### To do
The required output is the run of lines from the one holding "hewlett packard 12c" through the final line of the listing, restated word for word, with no pictures.

### Supplied material
+++

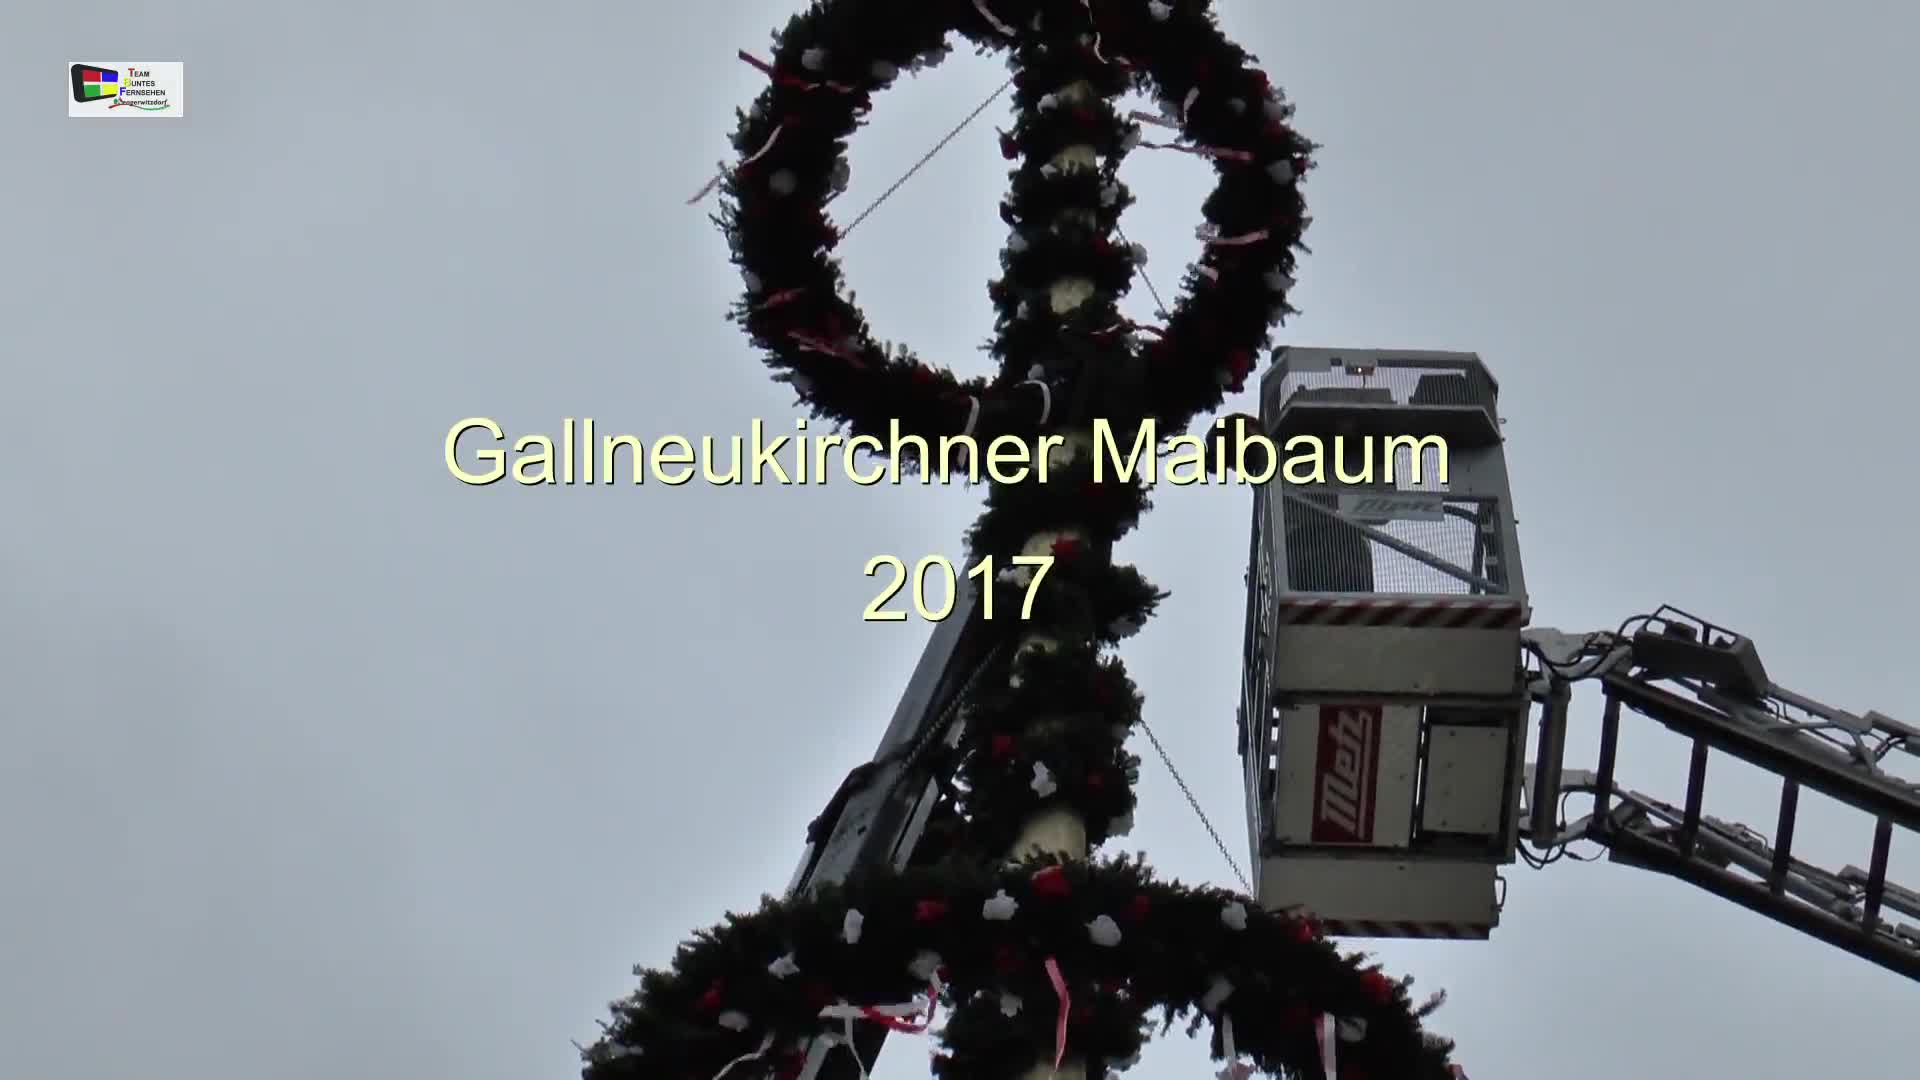 Gallneukirchner Maibaum 2017
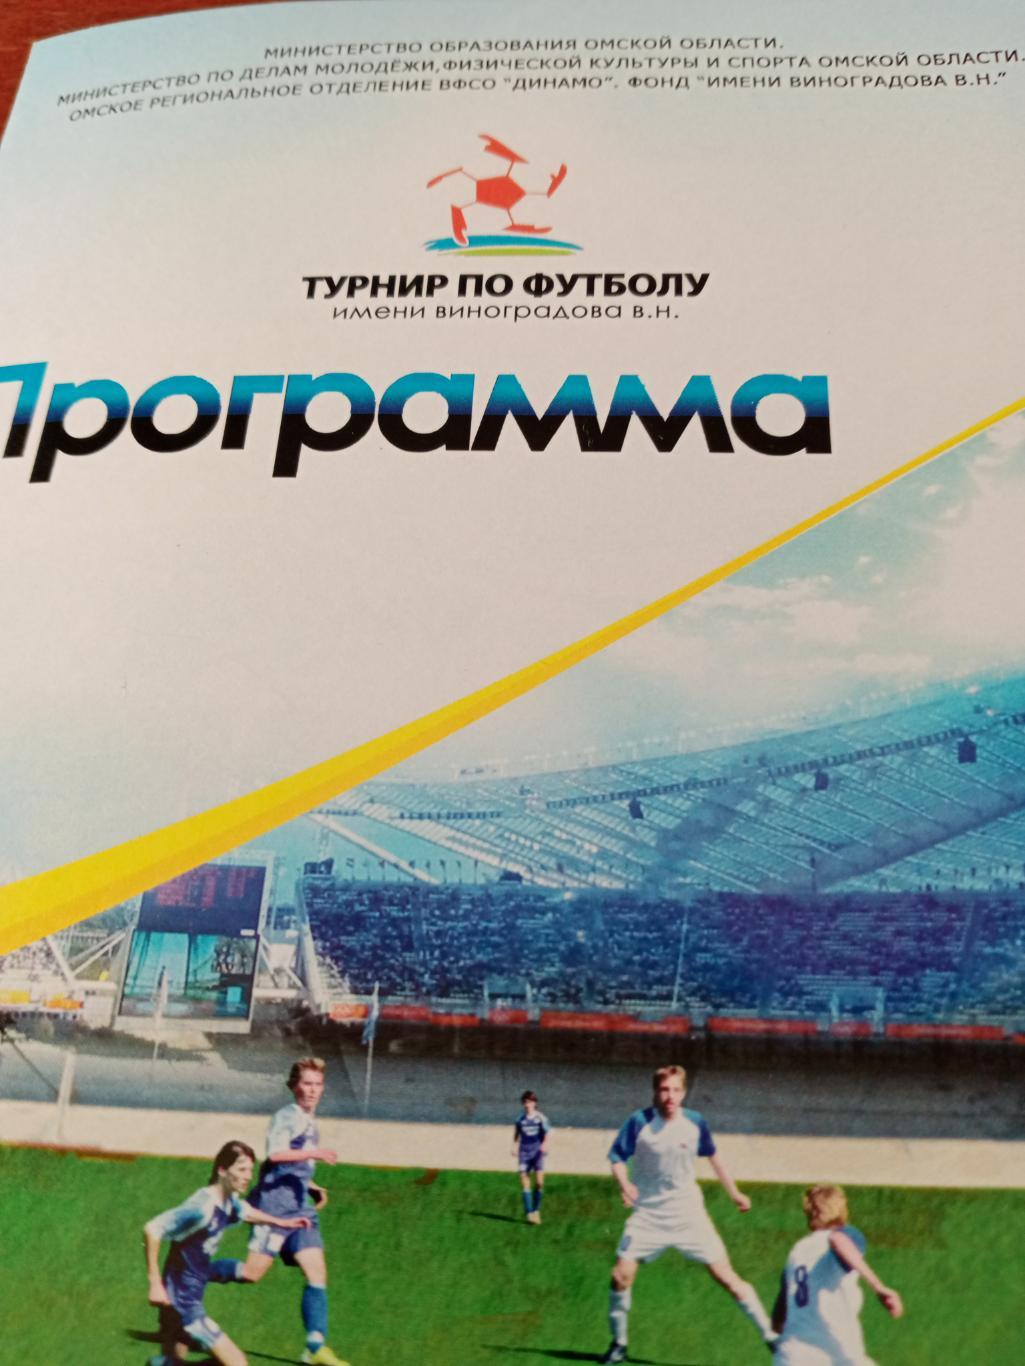 11-й юношеский турнир по футболу имени В.Виноградова. Омск - 2014 год
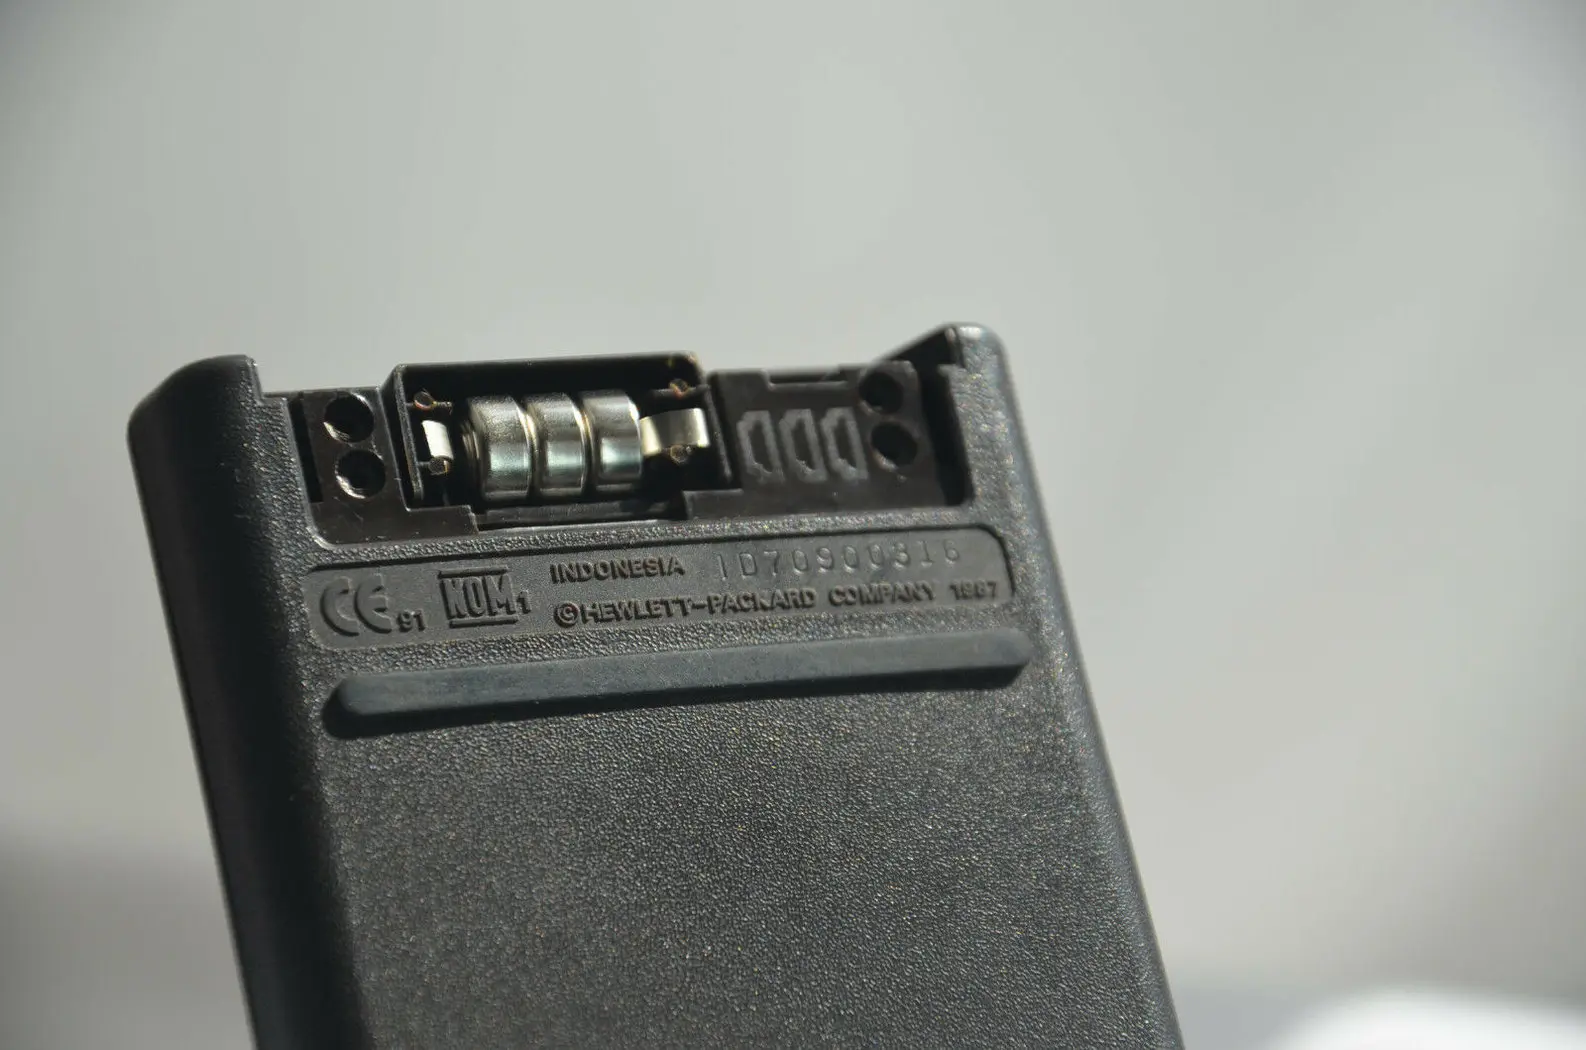 hewlett packard 12c battery - What batteries go in an HP 12c
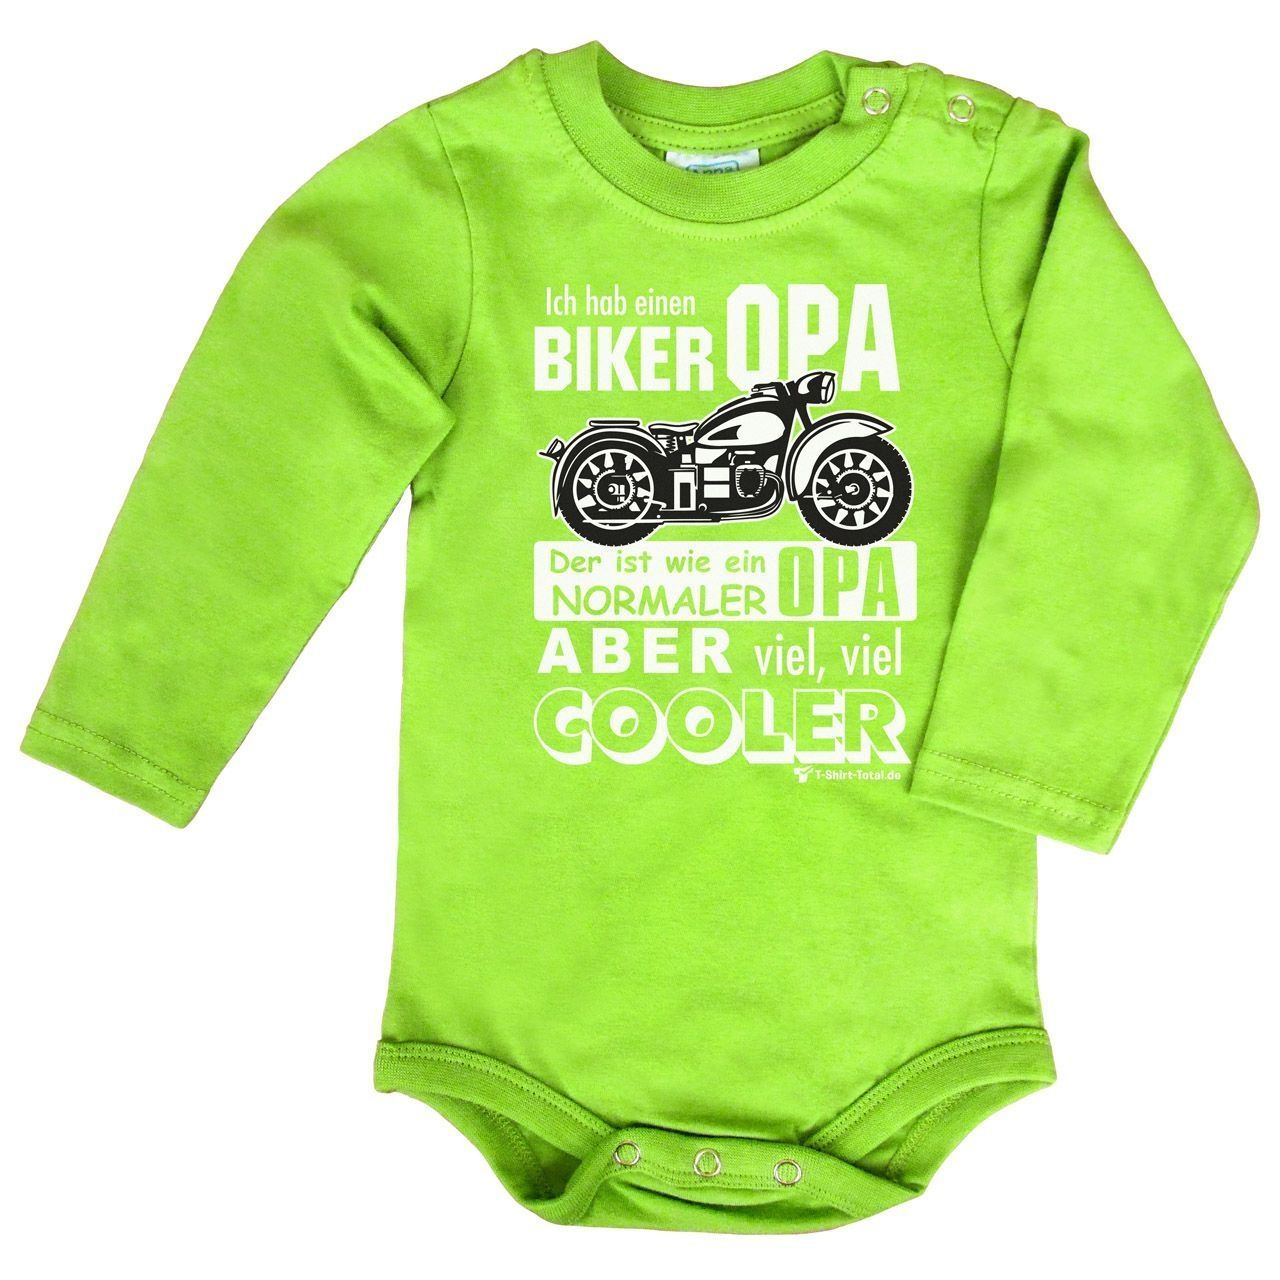 Biker Opa Baby Body Langarm hellgrün 80 / 86

+++

### Answer area
 hewlett packard 12c battery - What batteries go in an HP 12c
 Biker Opa Baby Body Langarm hellgrün 80 / 86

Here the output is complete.